Sāgara is a city located in the Indian state of Karnataka. It is also a sub divisional and a taluk headquarters. Located in the Sahyadri Mountain range on the banks of river Varada, it is known for its proximity to Jog Falls and to the historical places of Ikkeri, Keladi and Varadamoola. The river Varada originates near Varada-moola. Sagara subdivision consists of Sagara, Soraba, Hosanagara and Shikaripur taluks.

==City Municipal Council==
Sagara city is one of the 74 Karnataka Municipal Reforms Project (KMRP) City in Karnataka. Sagara ULB was started in 1931 and became a City Municipal Council (CMC) grade two in the year 2007. The ULB consist of 31 wards with the respective number of councillors. The population of the city was 54,550 at the 2011 census and total area is 19.71 sq. km.

==Etymology==
Sagara derives its name from Sadashiva Sagara.
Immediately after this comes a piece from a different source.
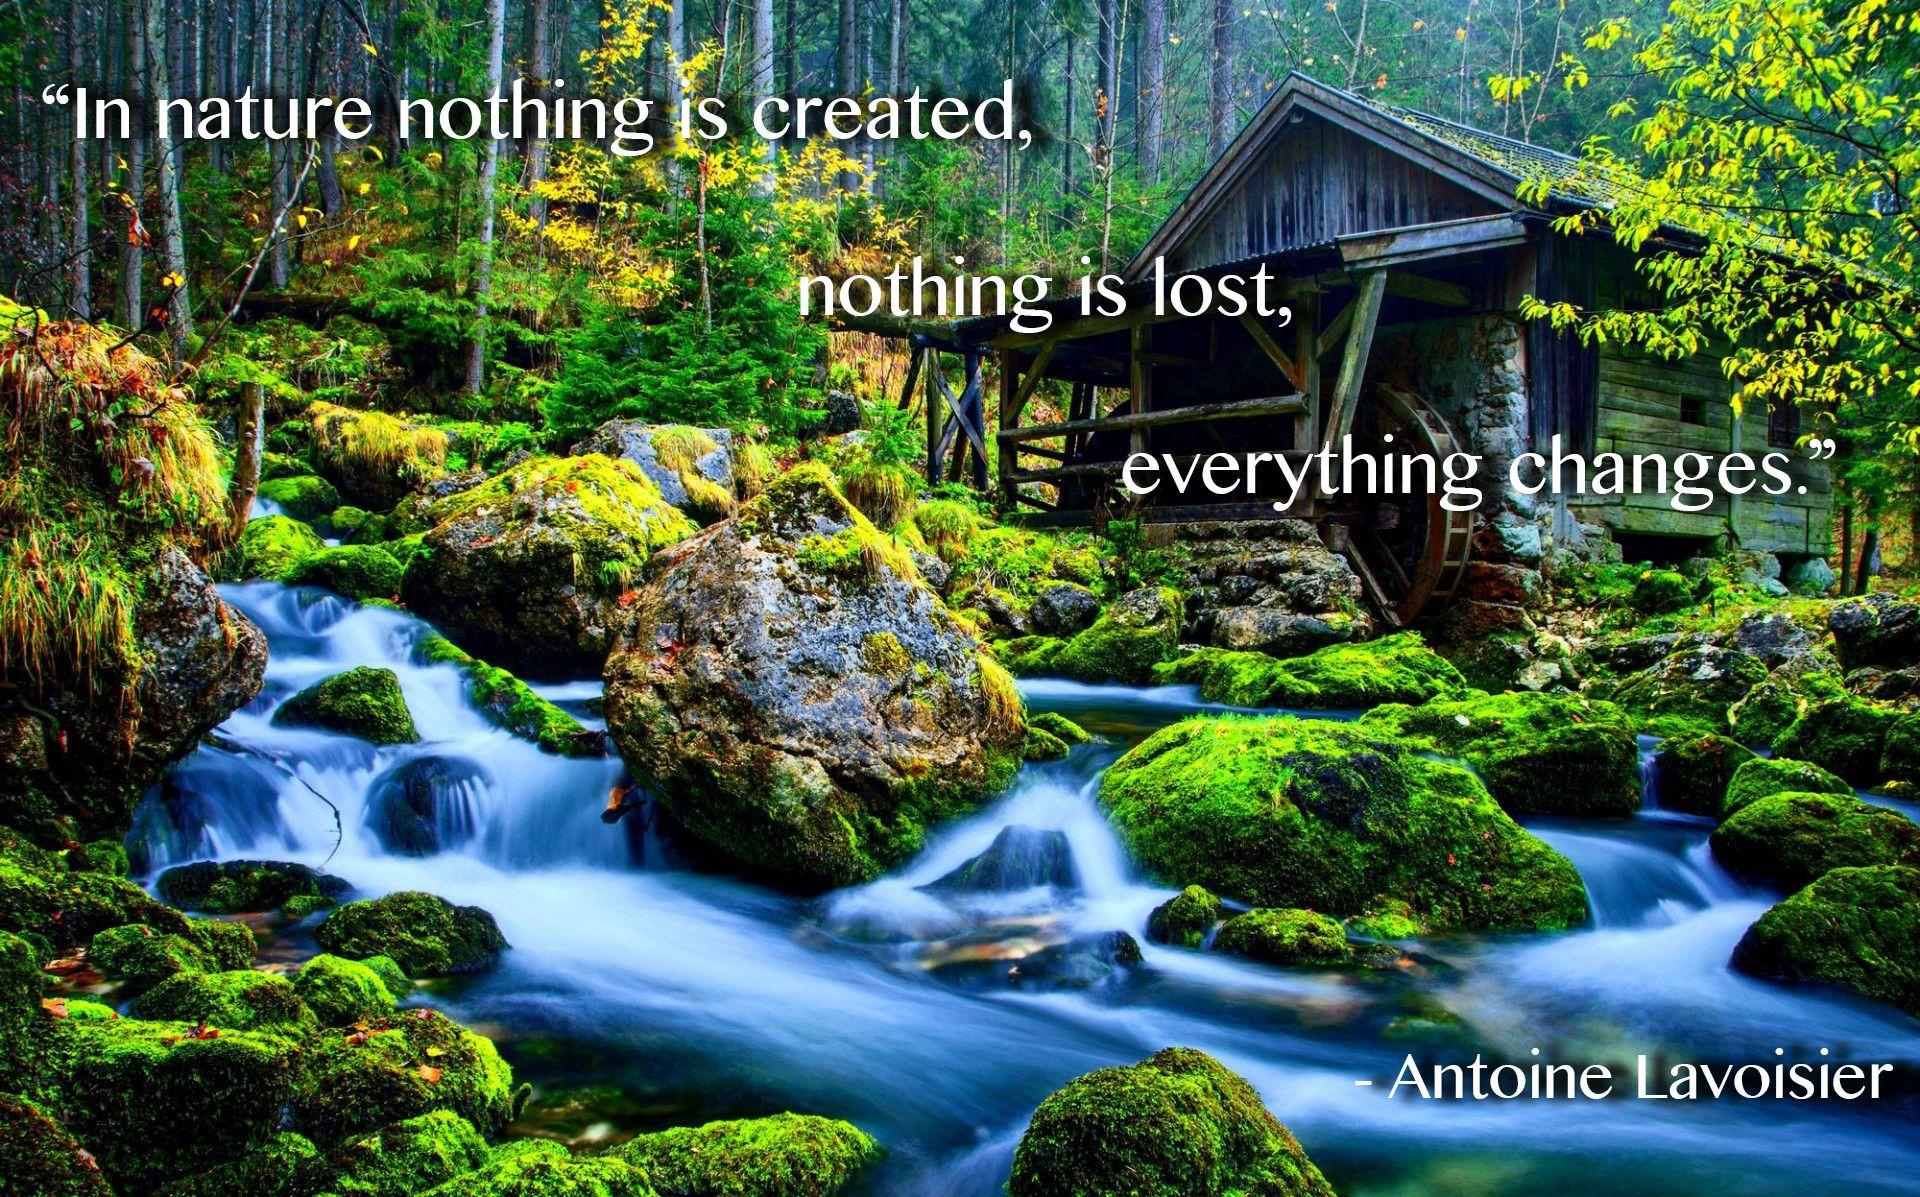 Wonderful Quote! #nature #quotes
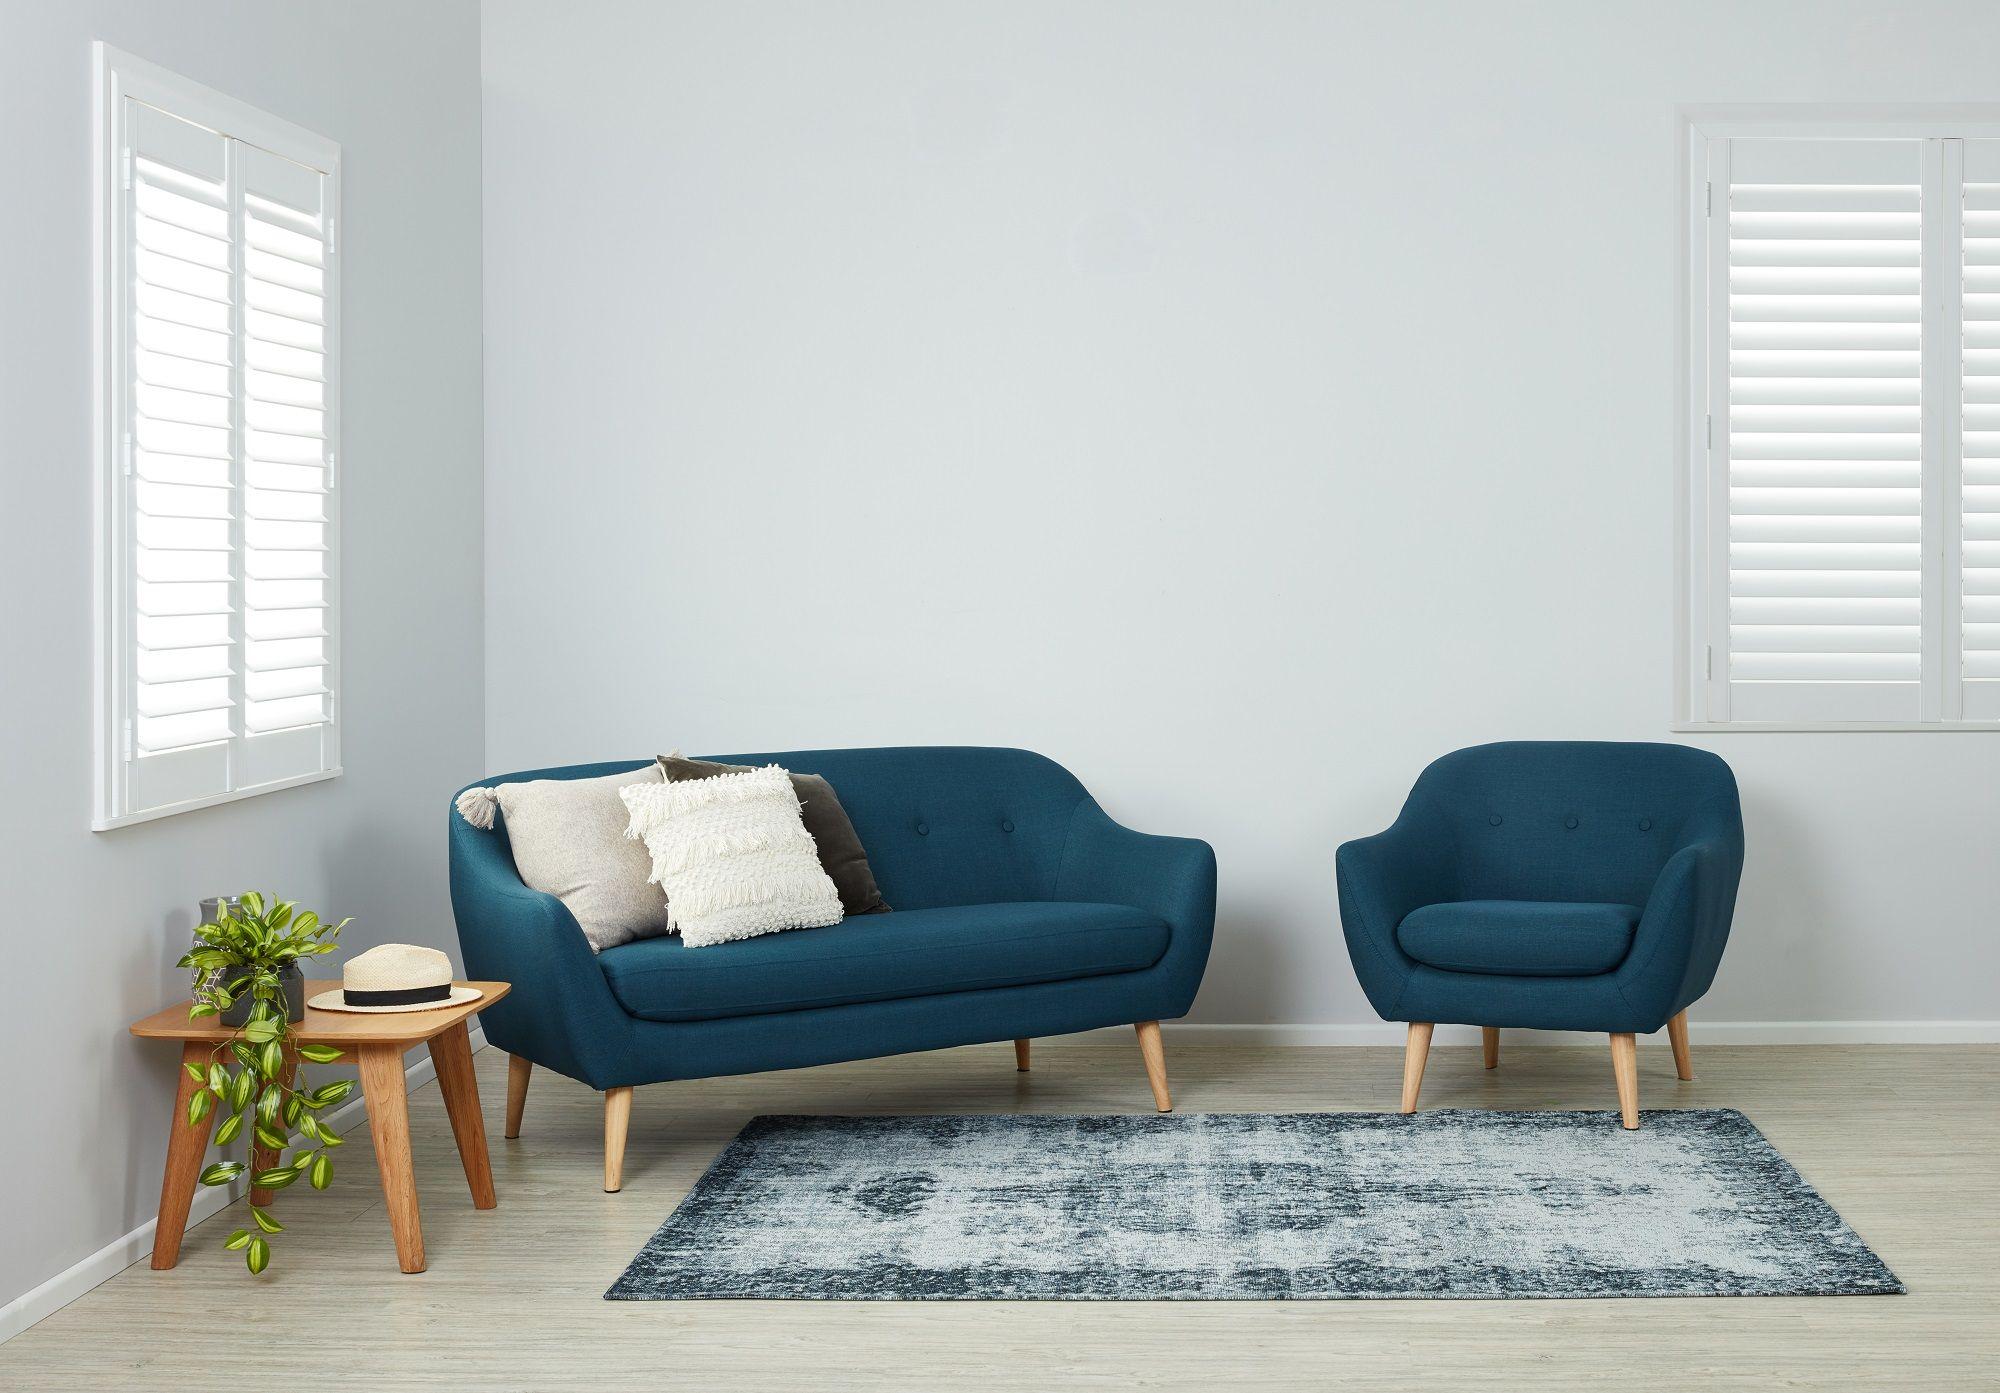 Freedom Furniture Sofa Tan Nz Google Search Leather Sofa Leather Lounge Best Leather Sofa

Sadashiva Nayaka, ruler of Keladi dynasty built a lake in between Keladi and Ikkeri. Sadashiva Sagara is now called Ganapathi Kere (Ganapathi Lake). It is a subdivisional headquarters headed by a subdivisional magistrate and Fifth additional District Magistrate.

== Economy ==
The economy of Sagara is mainly driven by areca nut (betel nut), paddy, spice and forest products trade. Betel nut is the major cash crop grown in the area. Along with areca nut, spices like pepper, clove, cinnamon, nutmeg, and cocoa are grown. The economy of the city is highly volatile and is dependent on the variation in the pricing of these agriculture products. Sagara APMC is one of the main market for areca nut in Karnataka.

Sagara has a relatively high number of Gudigars – families that for generations have been engaged in sandalwood and ivory carving. The Gudigar men make idols, figurines and knickknacks like penholders, agarbathi stands, cuff links, photo frames and paper clips; the women are adept at making garlands and wreaths out of thin layers of scraped sandalwood.

== Demographics ==
At the 2001 census, Sagara had a population of 50,115. Males constituted 50% of the population and females 50%. Sagara had an average literacy rate of 79%, higher than the national average of 59.5%: male literacy was 82%, and female literacy was 75%. In Sagar, 11% of the population was under 6 years of age. At the 2011 census its population exceeded 54,550.

== Transport ==
=== By Road ===
From the state capital Bengaluru, Sagara can be reached by travelling on NH-48 upto Tumkur, NH-73 upto Banavara and then on NH-69. KSRTC, the state government transport, runs several buses from Bangalore, including premium Airavat class and night services. Sagara is around 360 km by road from Bengaluru. From the coastal side, Sagara is accessible by road through Agumbe Ghat or Hulikal Ghat roads. Bus service is provided by KSRTC and several private bus operators. Sagara is well connected by road with major cities and towns of Coastal Karnataka, and most parts of interior Karnataka, except for the Northeast. It is an important bus junction. From November 2013, KSRTC introduced city buses in Sagara city.

===By railway===
Sagara has its own railway station, known as Sagara Jambagaru (station code: SRF). There are express passenger trains that connect Sagara with Bengaluru and Mysuru and a rural passenger train between Shivamogga to Talaguppa passing through Sagara.

===By air===
The nearest airport is Shivamogga Airport, which is about 78 km from Sagara and the nearest international airport is Mangalore Airport.

== Education ==
Sagara has a number of government and private institutions which offer many courses in post metric, bachelor's degree and post graduation.

== TV and radio ==
Sagara has an LPT-49 TV relay station airing Doordarshan national channel. Cable TV and direct to home services are widely used and these have replaced the conventional VHF/UHF TV antennas and satellite dish antennas.
Digital cable is also available with Shikhara TV, which provides essential day to day information to the people of Sagara.
Sagara has an FM radio station airing FM Rainbow (100.1 MHz)

== Tourism ==
Tourist sites are indicated by milestones and hoardings which are usually in Kannada and English.
===Keladi Nayaka Dynasty related===

- Shree Marikamba Temple, Sagara
The Marikamba Temple is located in Sagara City, in the Indian state of Karnataka. It features the image of the goddess shree Marikamba, a form of Durga or Parvati. The temple was built in the center of the city during the reign of Venkatappa Nayak who ruled over Keladi and Ikkeri kingdom during the 16th century. Marikamba was the family deity of the Nayaka dynasty.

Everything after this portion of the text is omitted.